--- Given entries ---
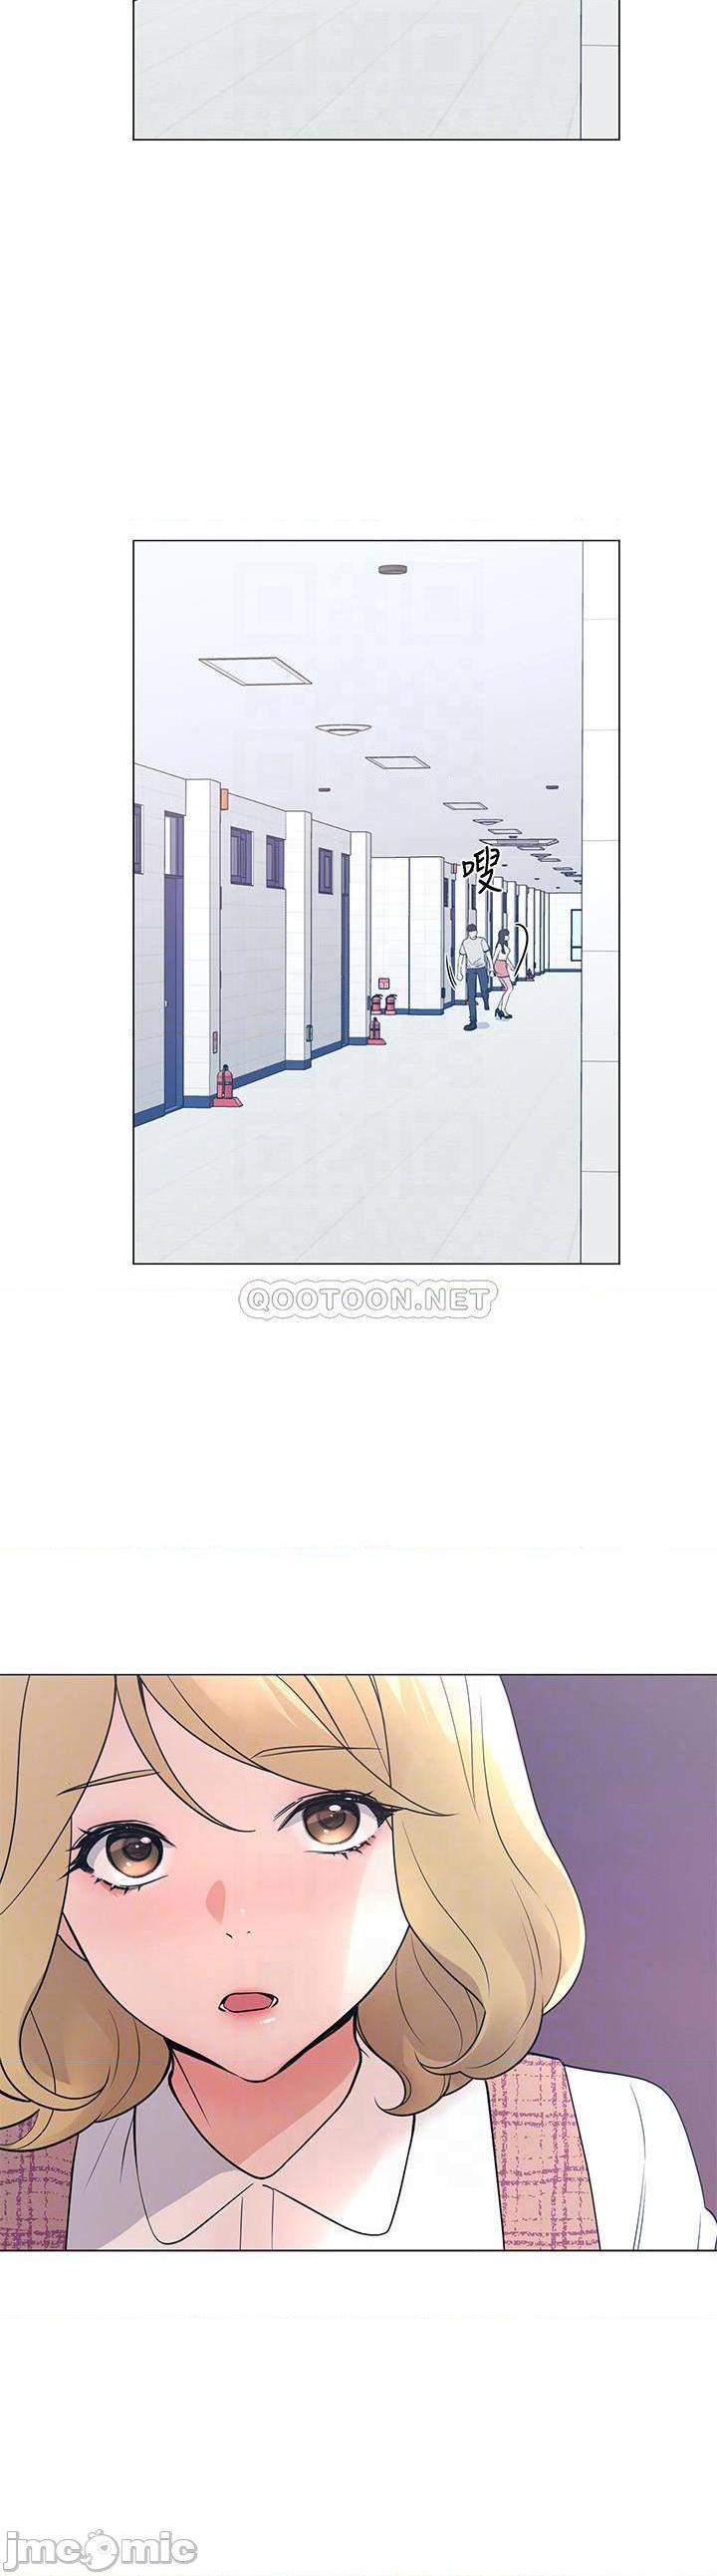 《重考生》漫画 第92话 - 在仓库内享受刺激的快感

==

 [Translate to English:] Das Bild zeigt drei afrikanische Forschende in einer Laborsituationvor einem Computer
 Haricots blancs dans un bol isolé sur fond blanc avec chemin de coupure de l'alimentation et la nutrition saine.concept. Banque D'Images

--

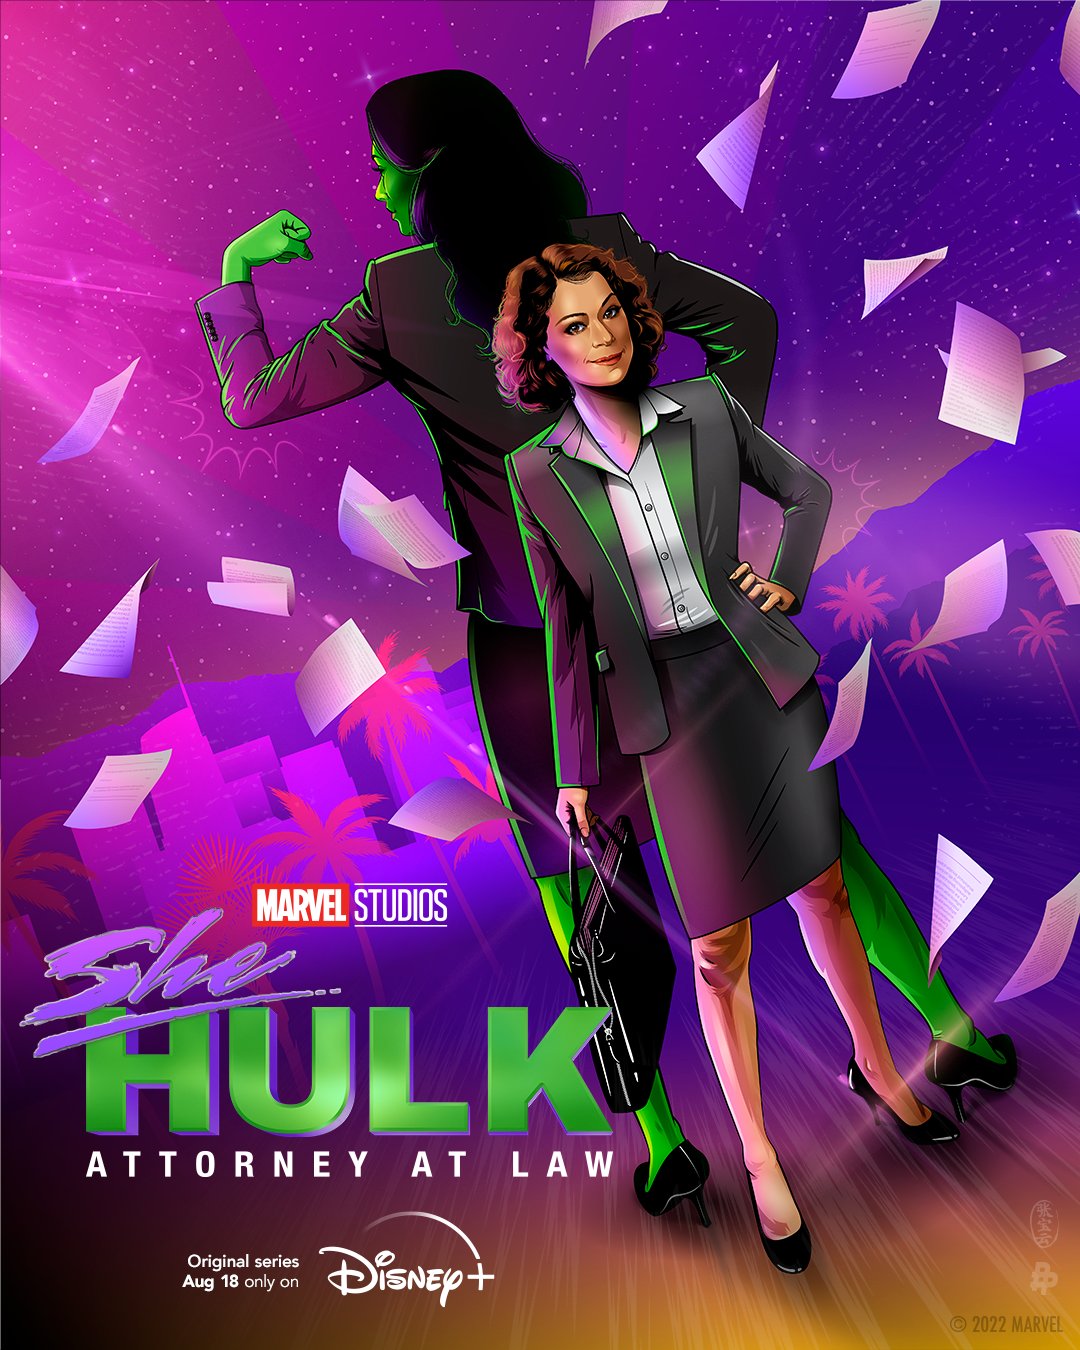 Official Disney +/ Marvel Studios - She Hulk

--- What you should do ---
From the data above, output exactly the lines between the one containing "[Translate to English:]" and the one containing "Haricots blancs dans", counting both of them.

--- Task answer ---
 [Translate to English:] Das Bild zeigt drei afrikanische Forschende in einer Laborsituationvor einem Computer
 Haricots blancs dans un bol isolé sur fond blanc avec chemin de coupure de l'alimentation et la nutrition saine.concept. Banque D'Images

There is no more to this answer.